# Dogs chewing everything



## cut'em (Oct 23, 2004)

I've got two new dogs that have free roam of the house when we're at work The problem I'm having is that lately they've been chewing every piece of wood trim they can get their teeth into! They've even chewed my coffee table. what can I do short of putting them in a kennel or keeping them outside as I strongly believe and accept them as part of the family. And will not confine them. One Is a mixed breed 1 1/4 yrs. old from the pet rescue and the other is a pure breed chessie almost a year old We've had both since pups and have to stop them before they eat us out of house and home!!! There must be a spray of some sorts to put on my baseboard to deter them. :huh:


----------



## stevepike (Sep 14, 2002)

Even though you said you don't want to do it, for the dogs safety I would still recommend the kennel. Even if you did spray every bit of wood in the house, they could rip up the couches, eat kids toys, etc. Still a lot of trouble they can get into.


----------



## Dick Monson (Aug 12, 2002)

They sound bored. Exercise cures lots of problems.


----------



## gonehuntin' (Jul 27, 2006)

Kennel them. You'll never stop them anyother way with no one home.


----------



## ryanps18 (Jun 23, 2006)

You could either kennel them or plan on weekly trips to home depot for more trim and to the vet for the trim that will get stuck in thier throats.

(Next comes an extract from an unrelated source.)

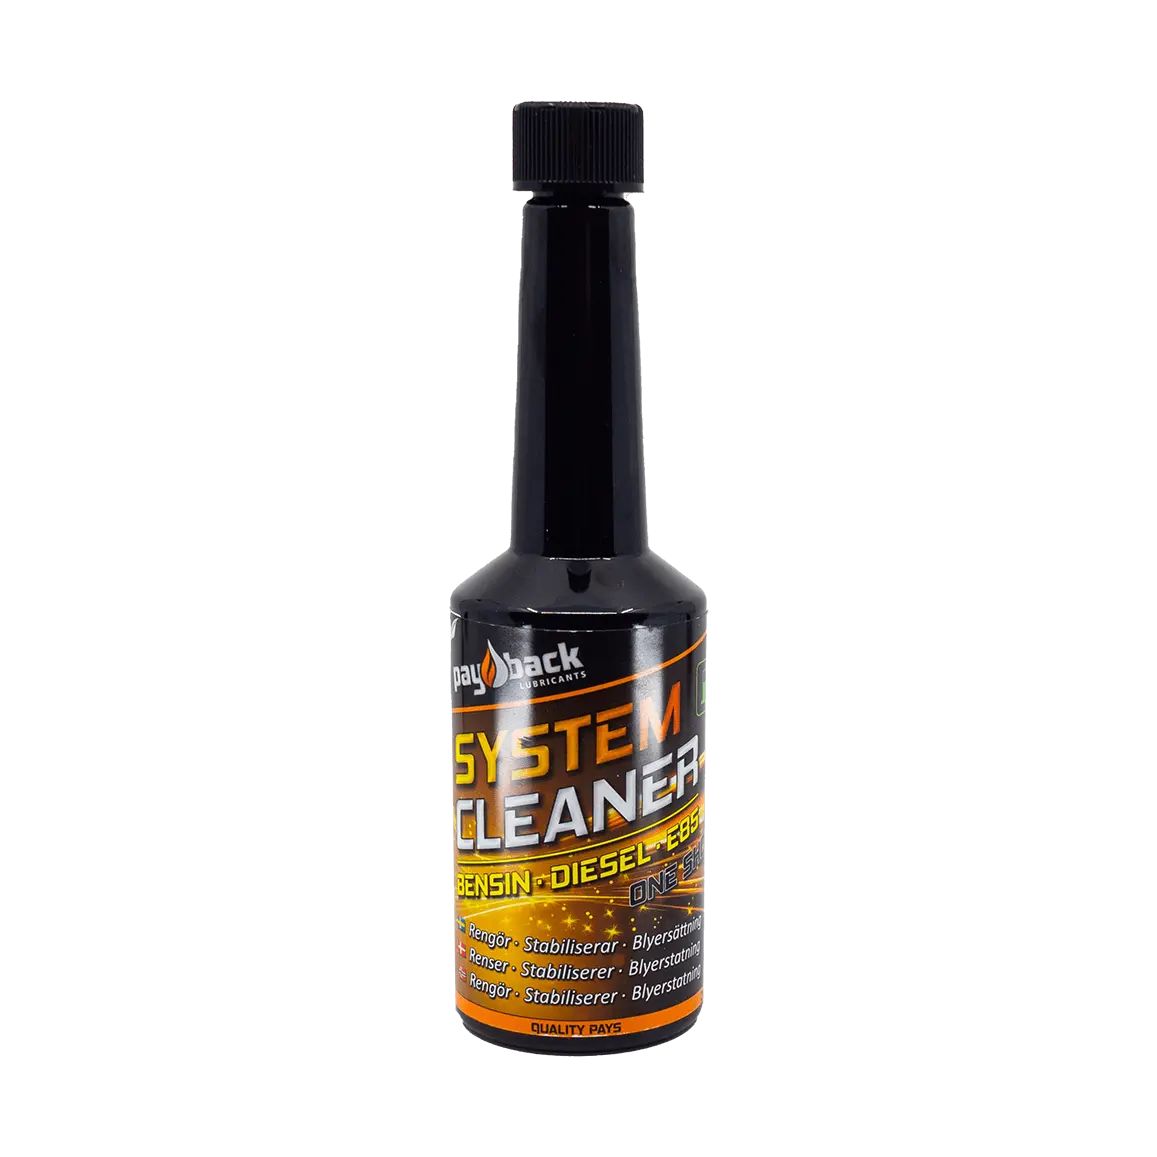 PayBack All Fuel System Cleaner

I think dogs that are in thier kennel will just sleep most of the time so don't feel bad for them. When you get home run the snot out of them, feed them and you will have some happy pups!


----------



## Bobm (Aug 26, 2003)

exercise them and crate them and never allow them to run around your house unsupervised until you teach them right from wrong. Otherwise they will end up developing unbearable habits that will land them in the local pound.

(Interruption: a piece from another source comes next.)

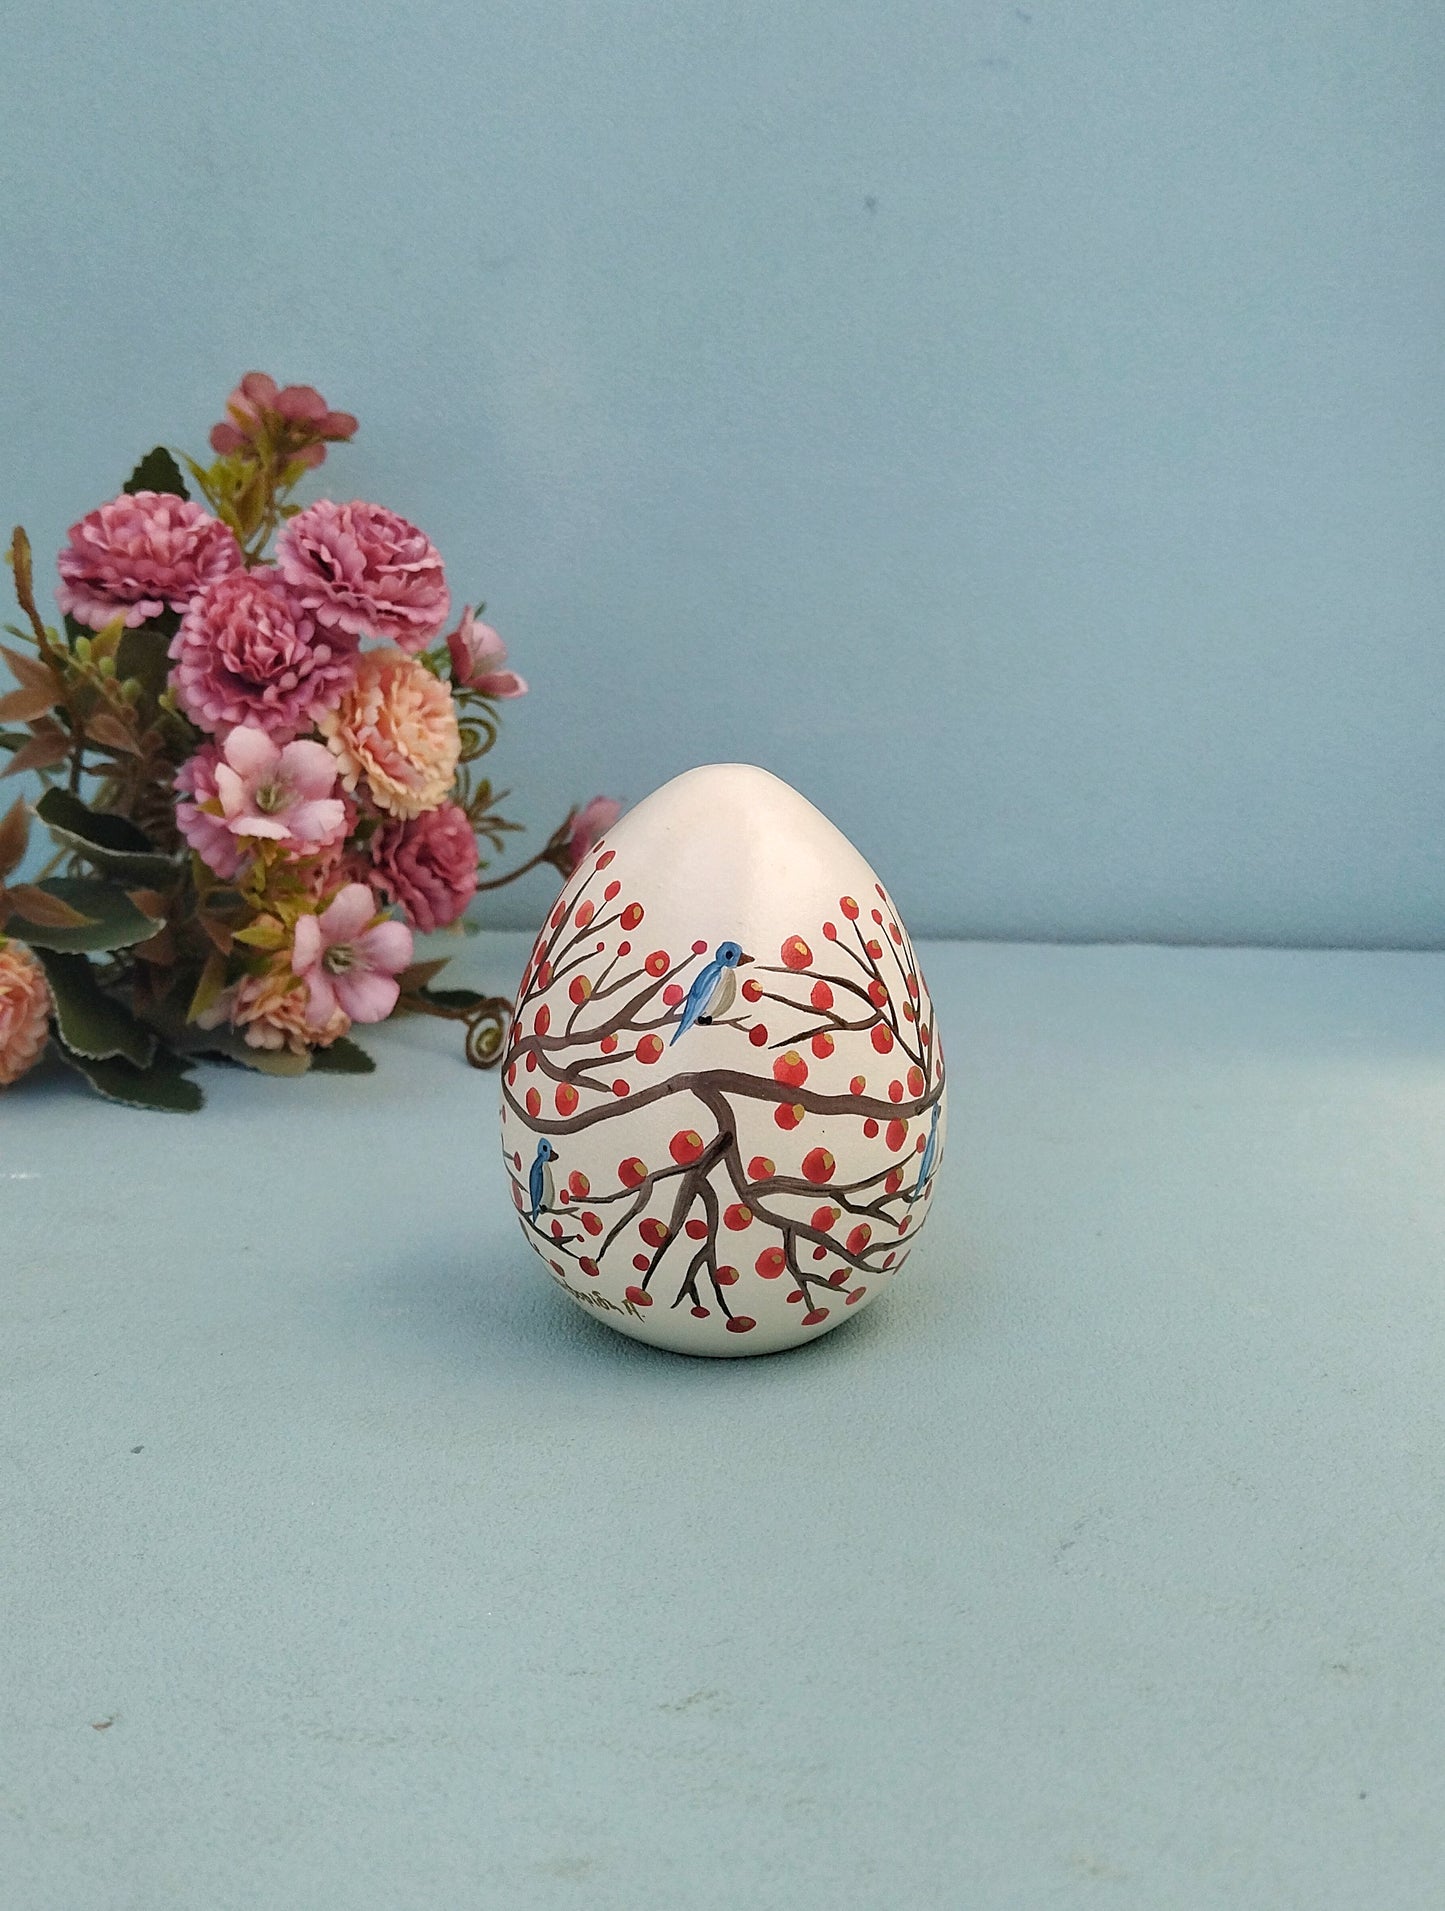 Ceramic Easter Egg With Birds On Branches

Its like being a parent you aren't their friend you are their mentor.


----------



## griffman (Jan 17, 2004)

Don't feel bad about confining your pet. You only have two options....Confinement or Supervision. Obviously, supervision is not always possible. When needed, confinement is absolutely appropriate.

If allowed to, dogs will get into all kinds of trouble. Not only will they destroy your home, they may injure or kill themselves. They can also do major damage to homes, such as electrical fires etc.....

You confine a dog for it's safety, NOT for punishment. All dogs are "den" animals instinctivly. They actually like smaller, confined areas....they feel safe and secure.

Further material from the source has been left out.